**Your task:**
Copy out the data in full and exactly, passing over the pictures.

**Input:**
● ● ● ● ●

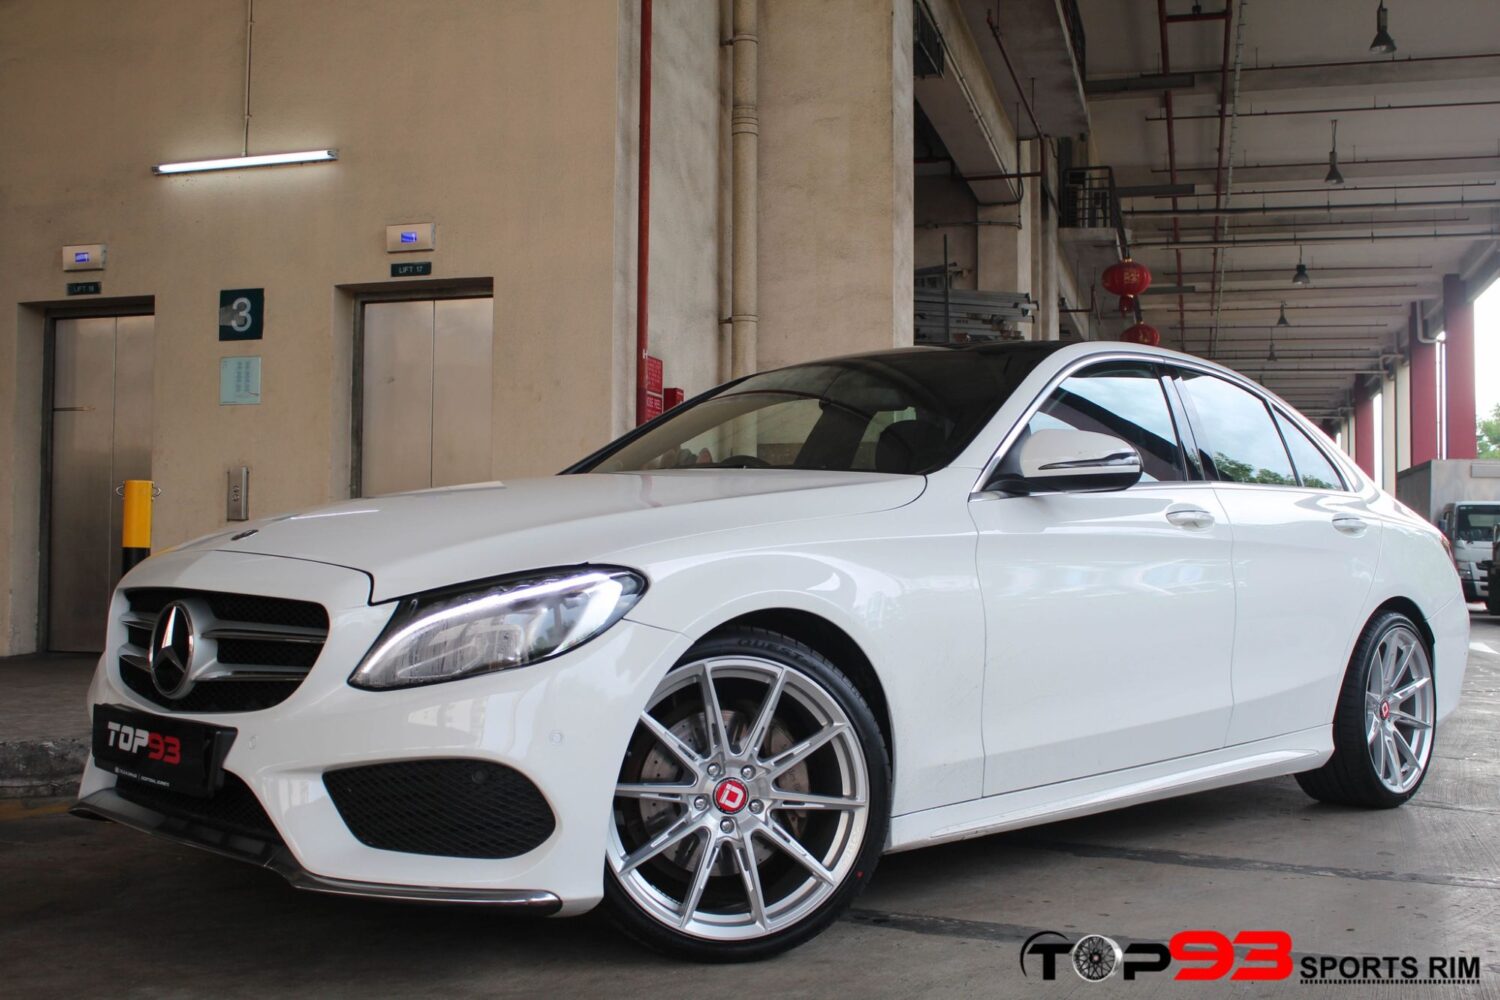 Mercedes-Benz C-Class W205 with 19×8.5 and 19×9.5-inch Klassen iD F07R
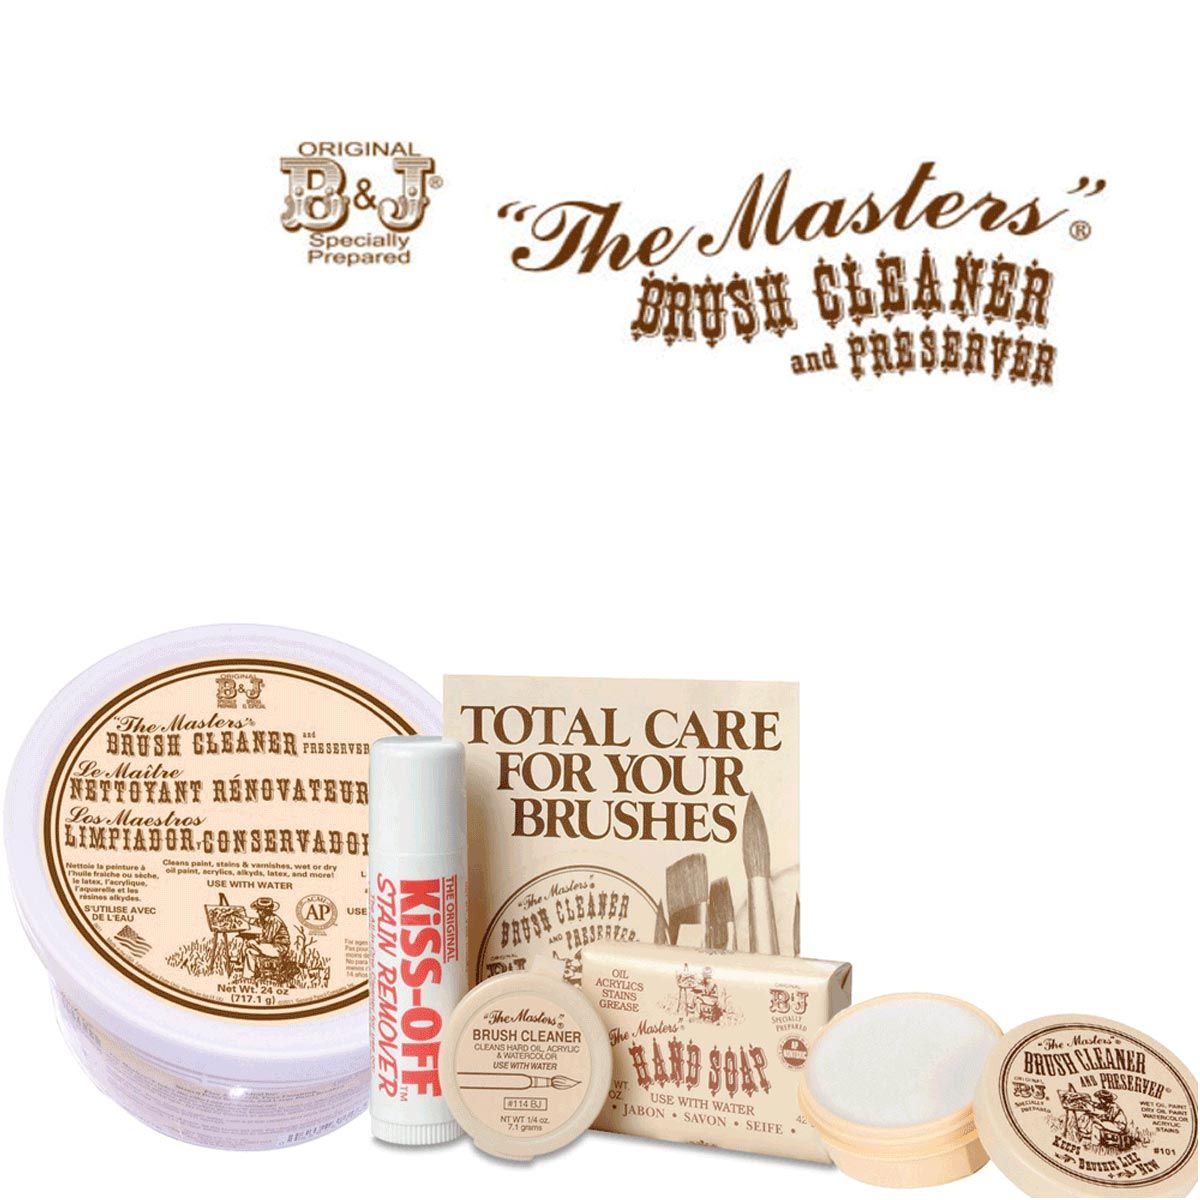 General's “The Masters” Brush Cleaner and Preserver
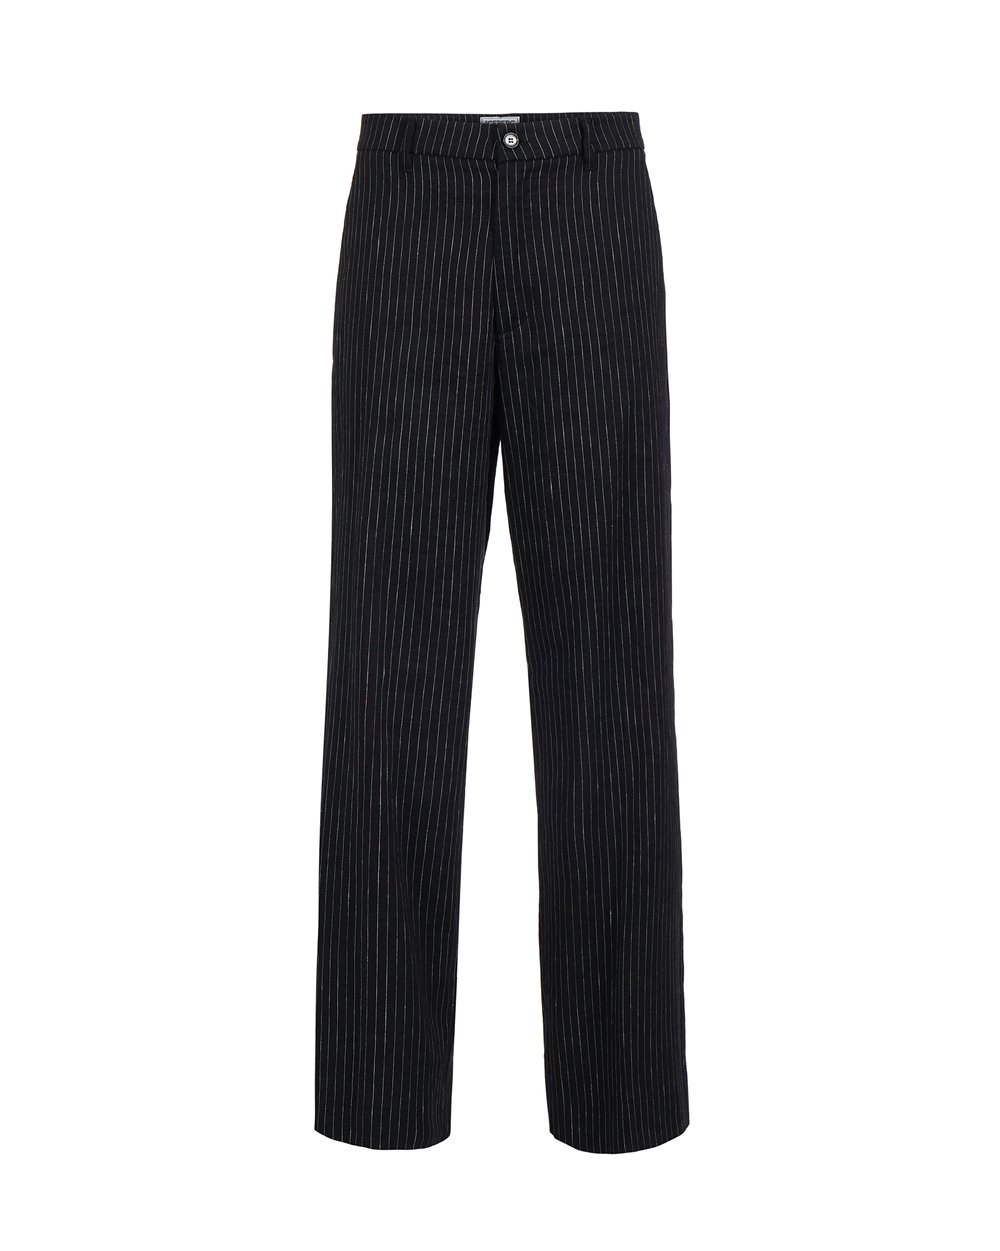 Pinstripe chinos pants - Clothing | Iceberg - Official Website
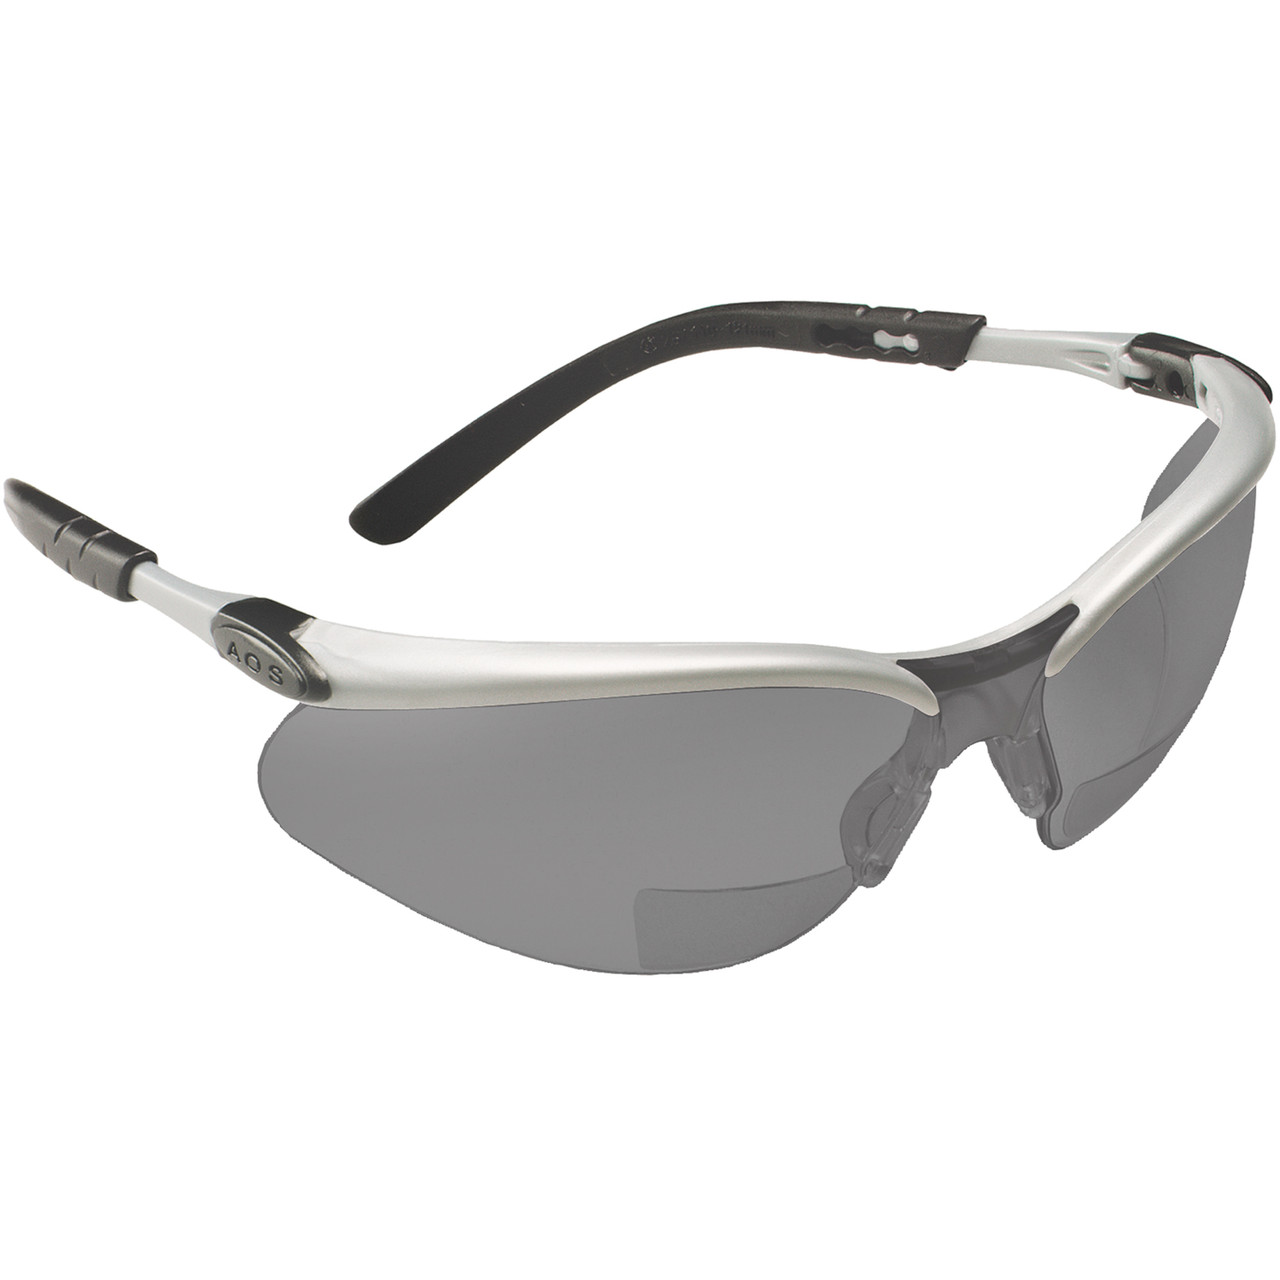 BX® Readers Safety Glasses w/Grey Smoke Lens +1.5 Diopter  11377-00000-20
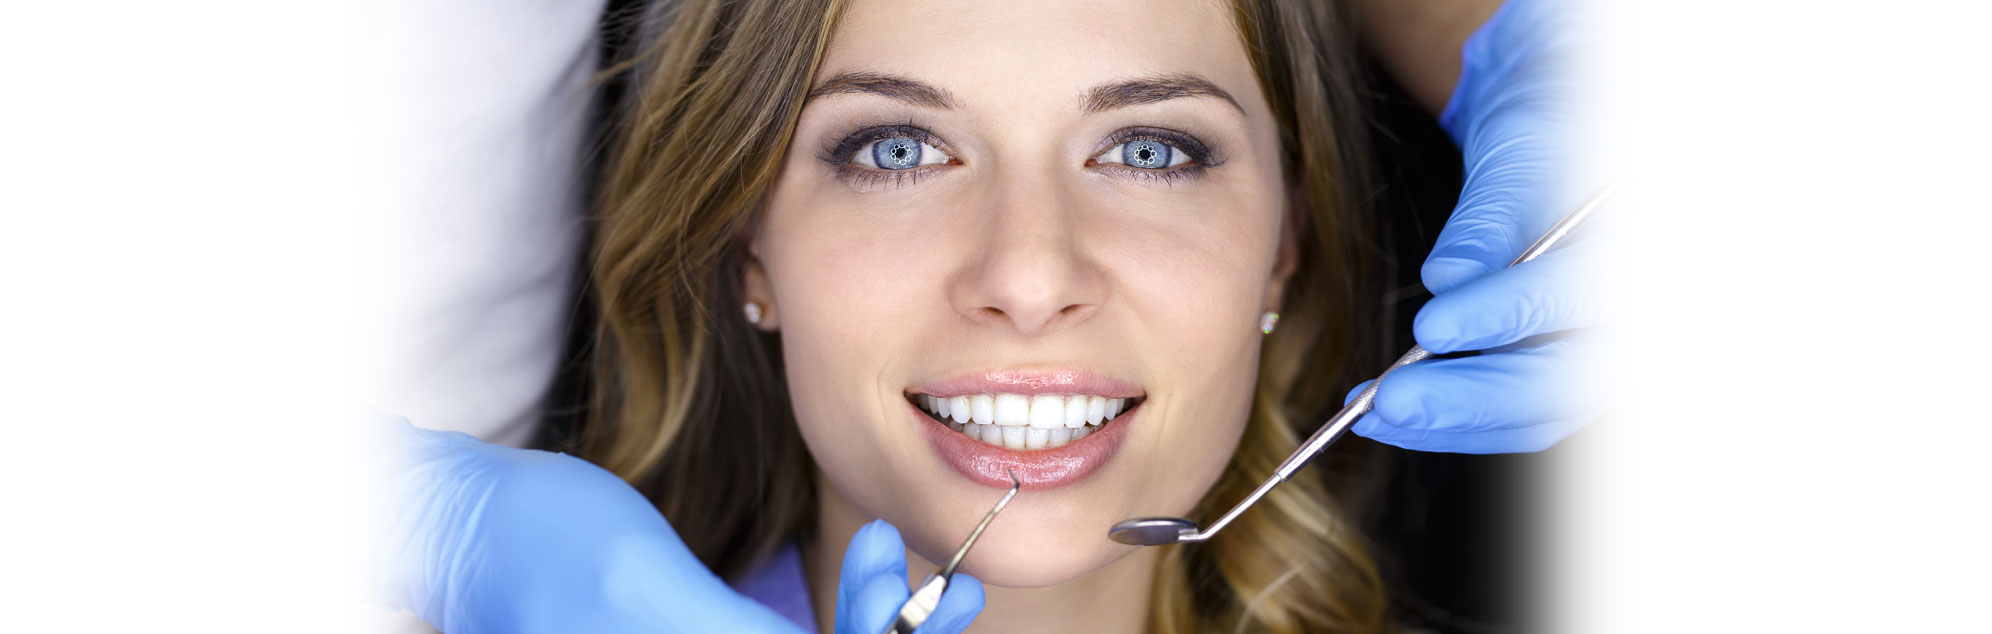 In-office Deep Bleaching…The Most Effective Way to Whiten Teeth
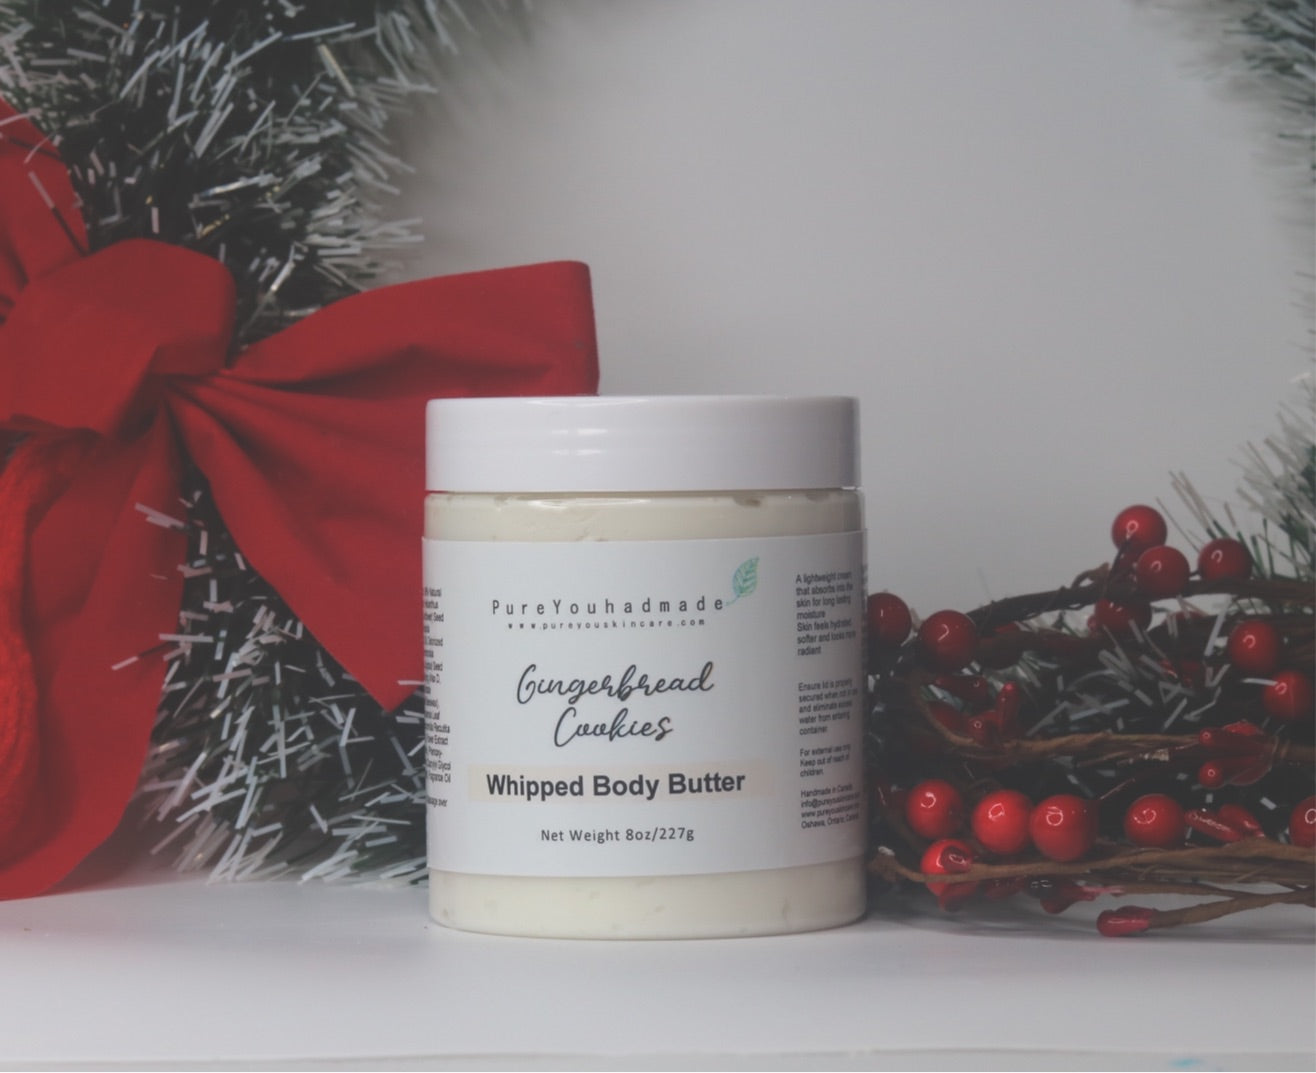 Gingerbread Cookies Whipped Body Butter

● ● ● ● ●

**Solution:**
 Mercedes-Benz C-Class W205 with 19×8.5 and 19×9.5-inch Klassen iD F07R
 General's “The Masters” Brush Cleaner and Preserver
 Pinstripe chinos pants - Clothing | Iceberg - Official Website
 BX® Readers Safety Glasses w/Grey Smoke Lens +1.5 Diopter  11377-00000-20
 In-office Deep Bleaching…The Most Effective Way to Whiten Teeth
 Gingerbread Cookies Whipped Body Butter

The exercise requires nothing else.